• Task item
Copy all lines below exactly as written. Leave pictures out.

[Data provided]

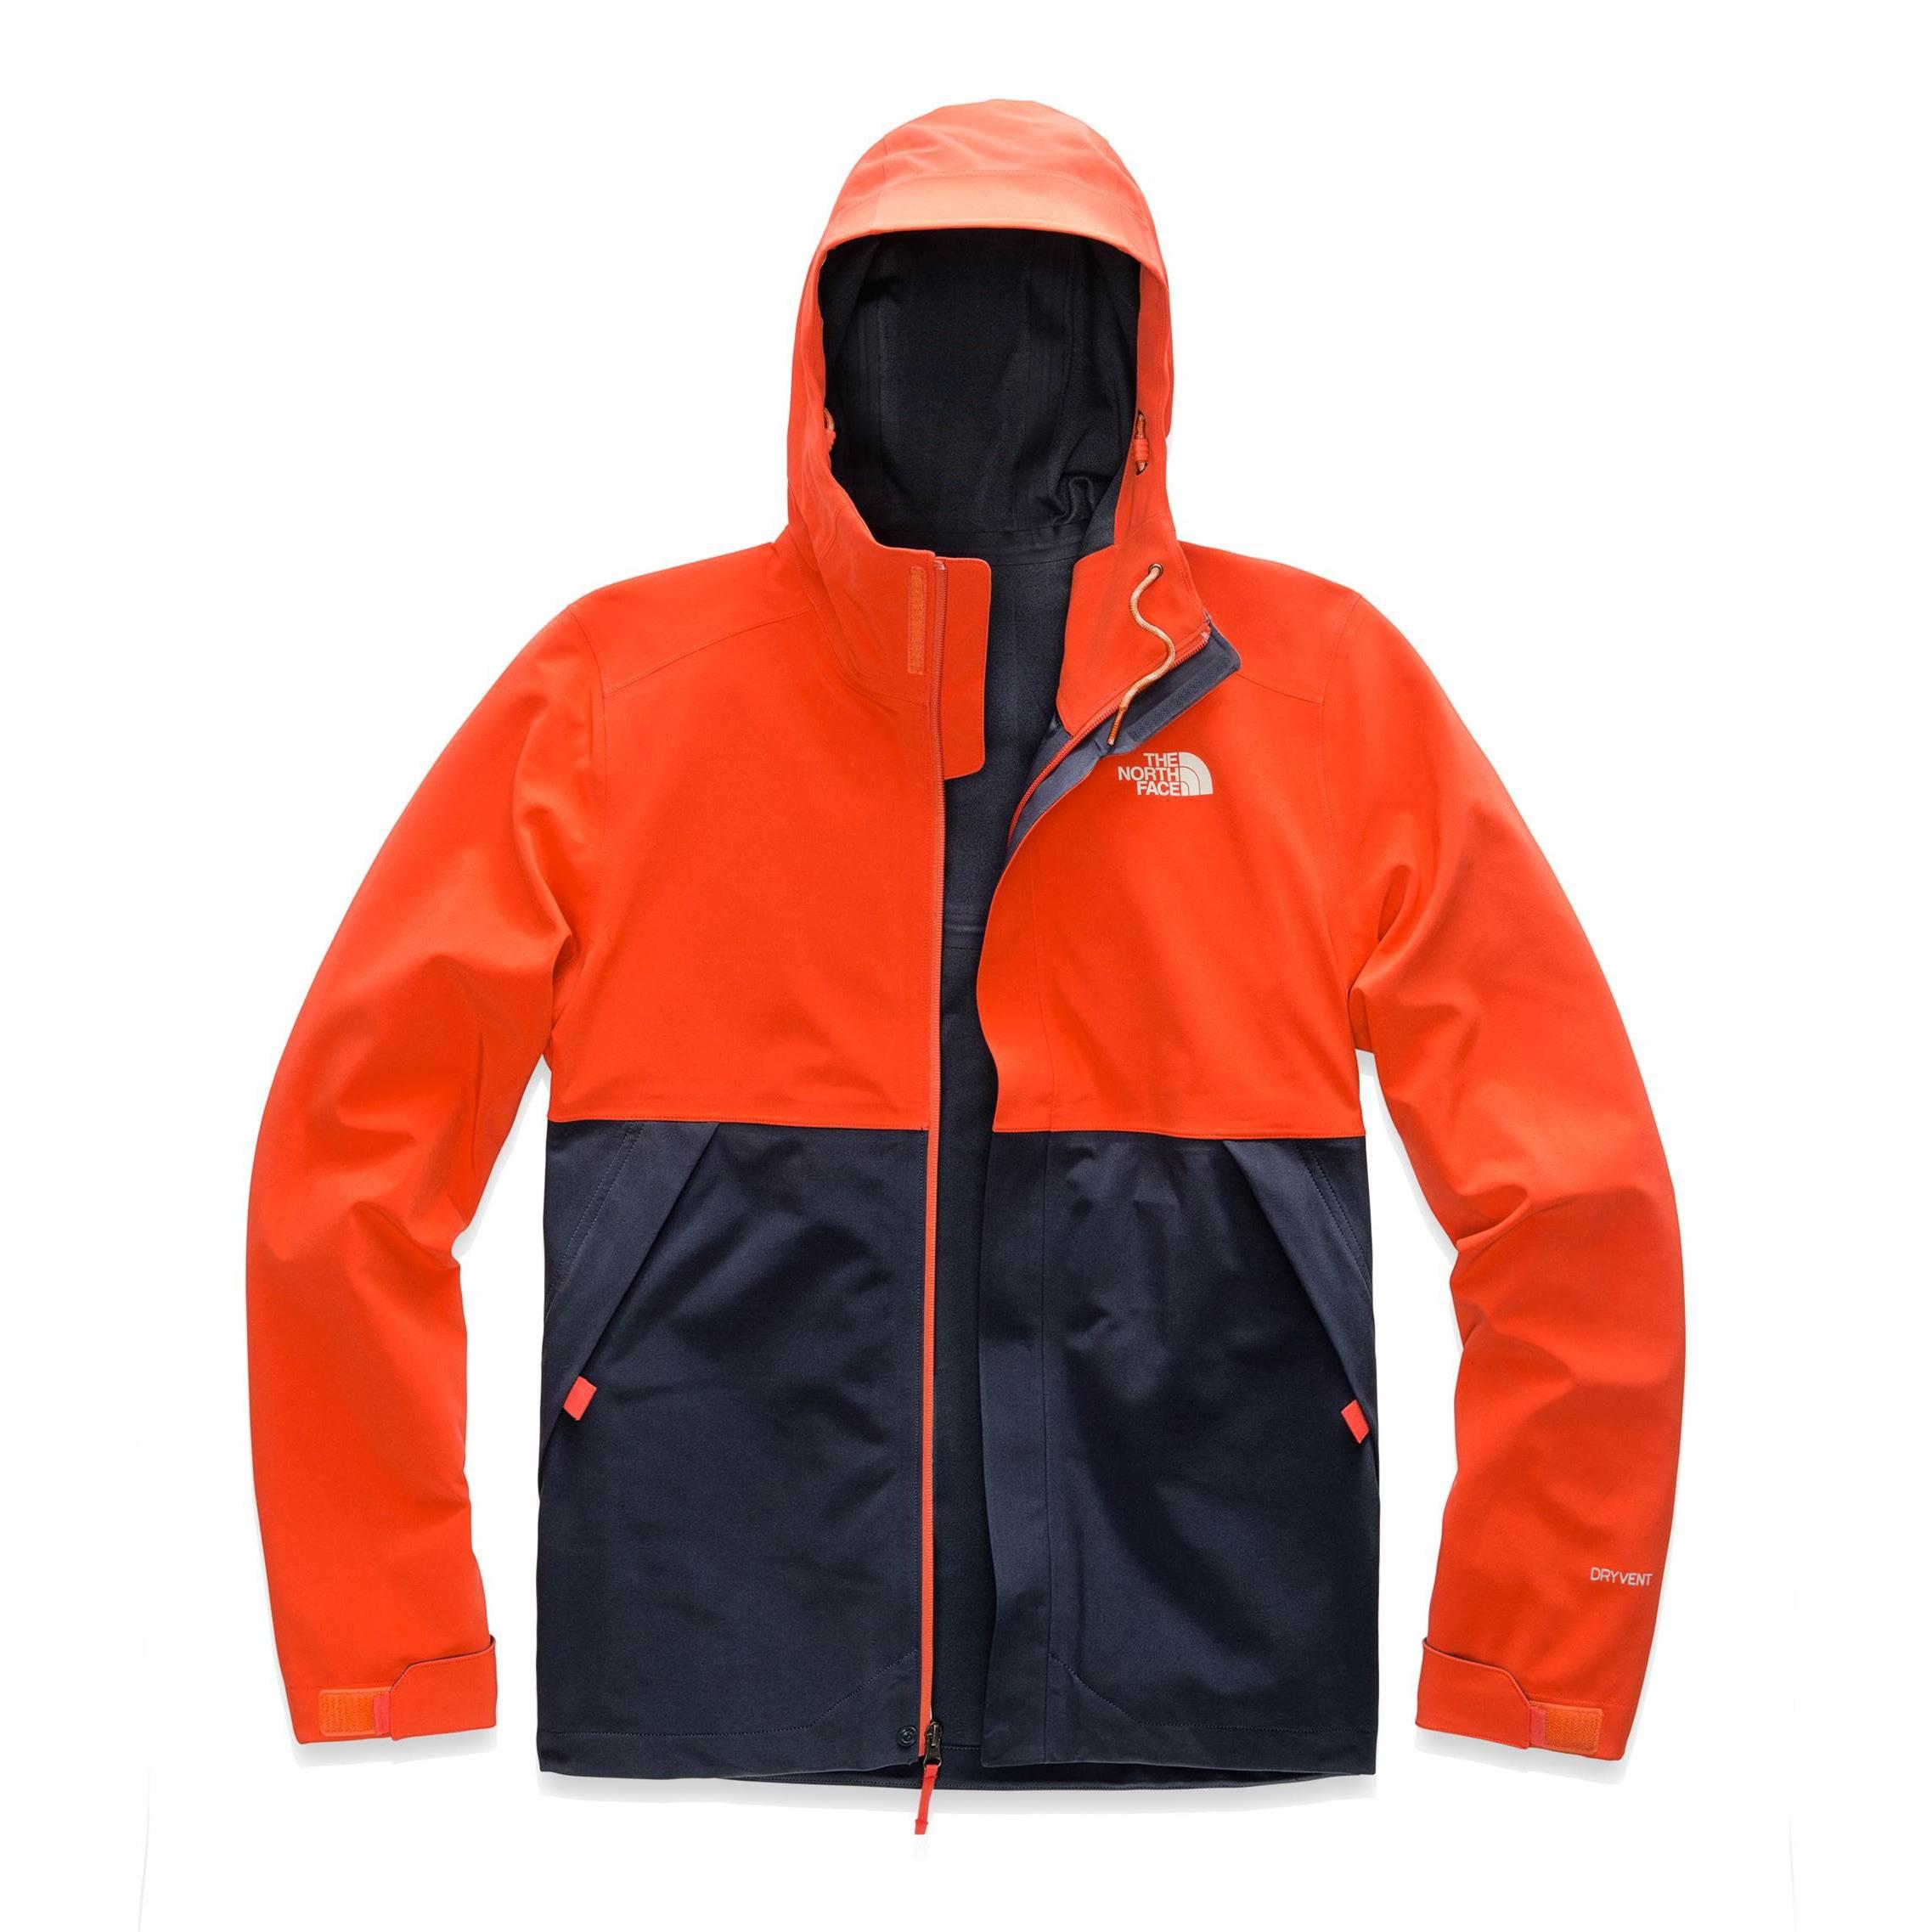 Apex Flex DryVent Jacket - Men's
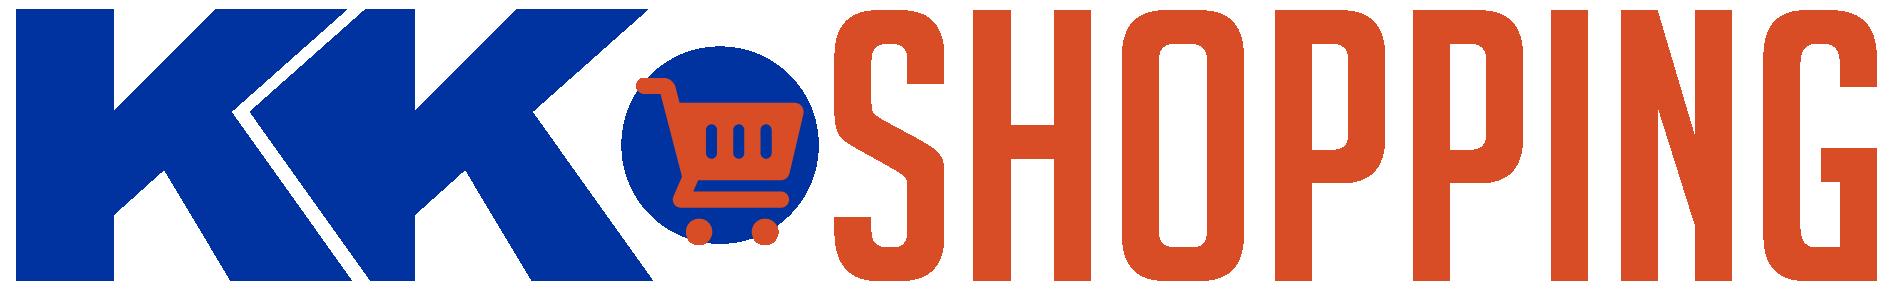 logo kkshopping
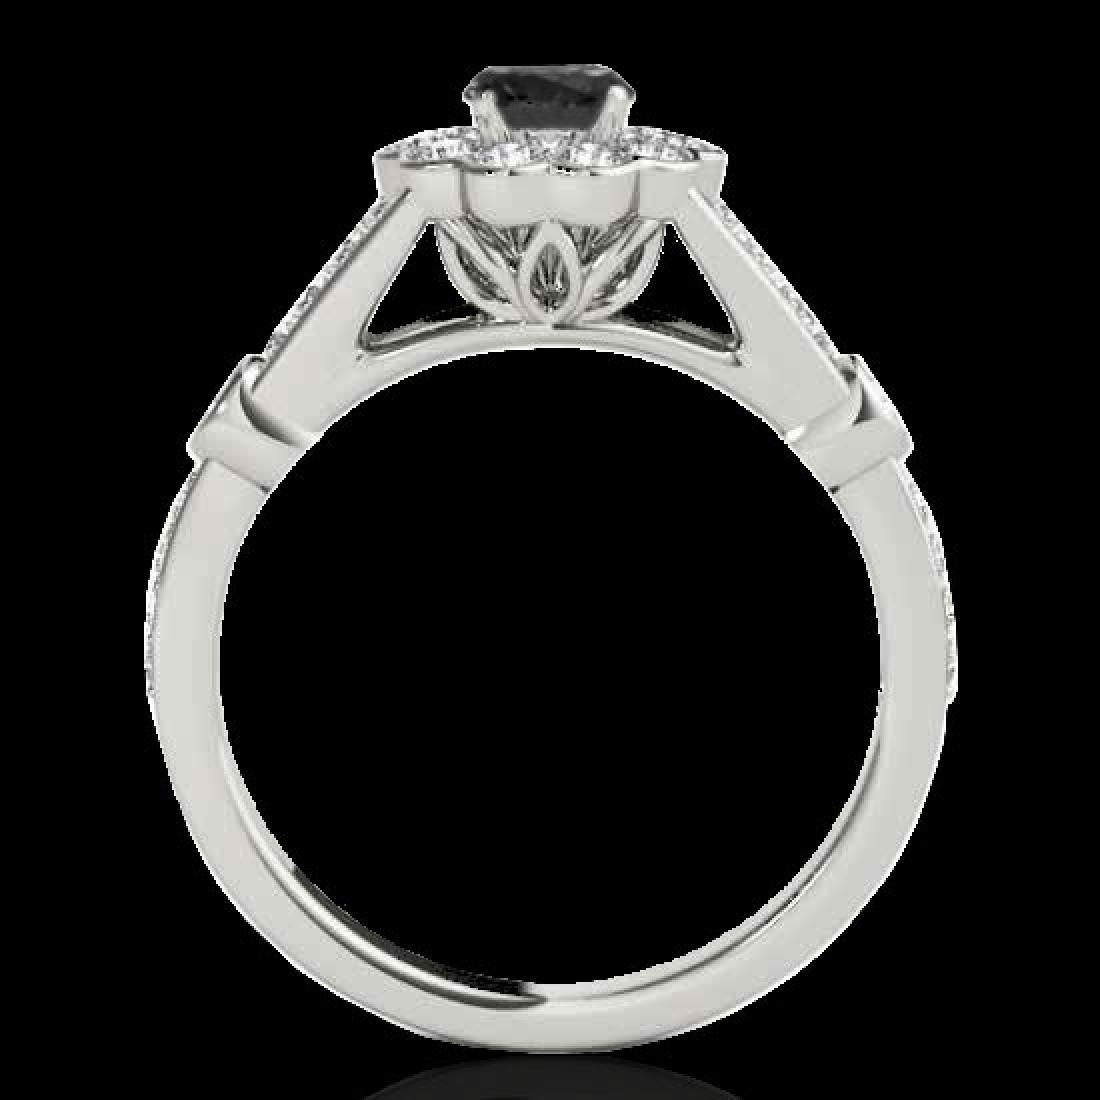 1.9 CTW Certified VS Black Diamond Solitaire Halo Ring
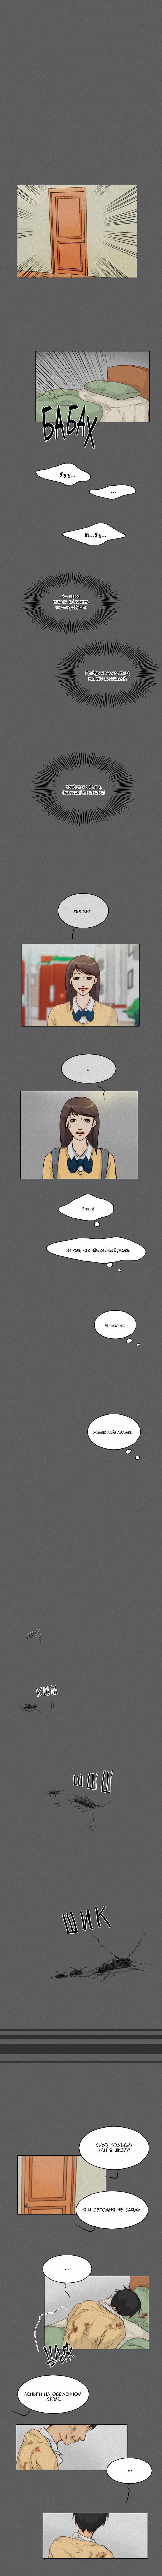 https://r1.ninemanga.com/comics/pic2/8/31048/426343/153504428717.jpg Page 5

[/Data provided]

• Exercise output
 Apex Flex DryVent Jacket - Men's
 logo kkshopping
 1.9 CTW Certified VS Black Diamond Solitaire Halo Ring
 https://r1.ninemanga.com/comics/pic2/8/31048/426343/153504428717.jpg Page 5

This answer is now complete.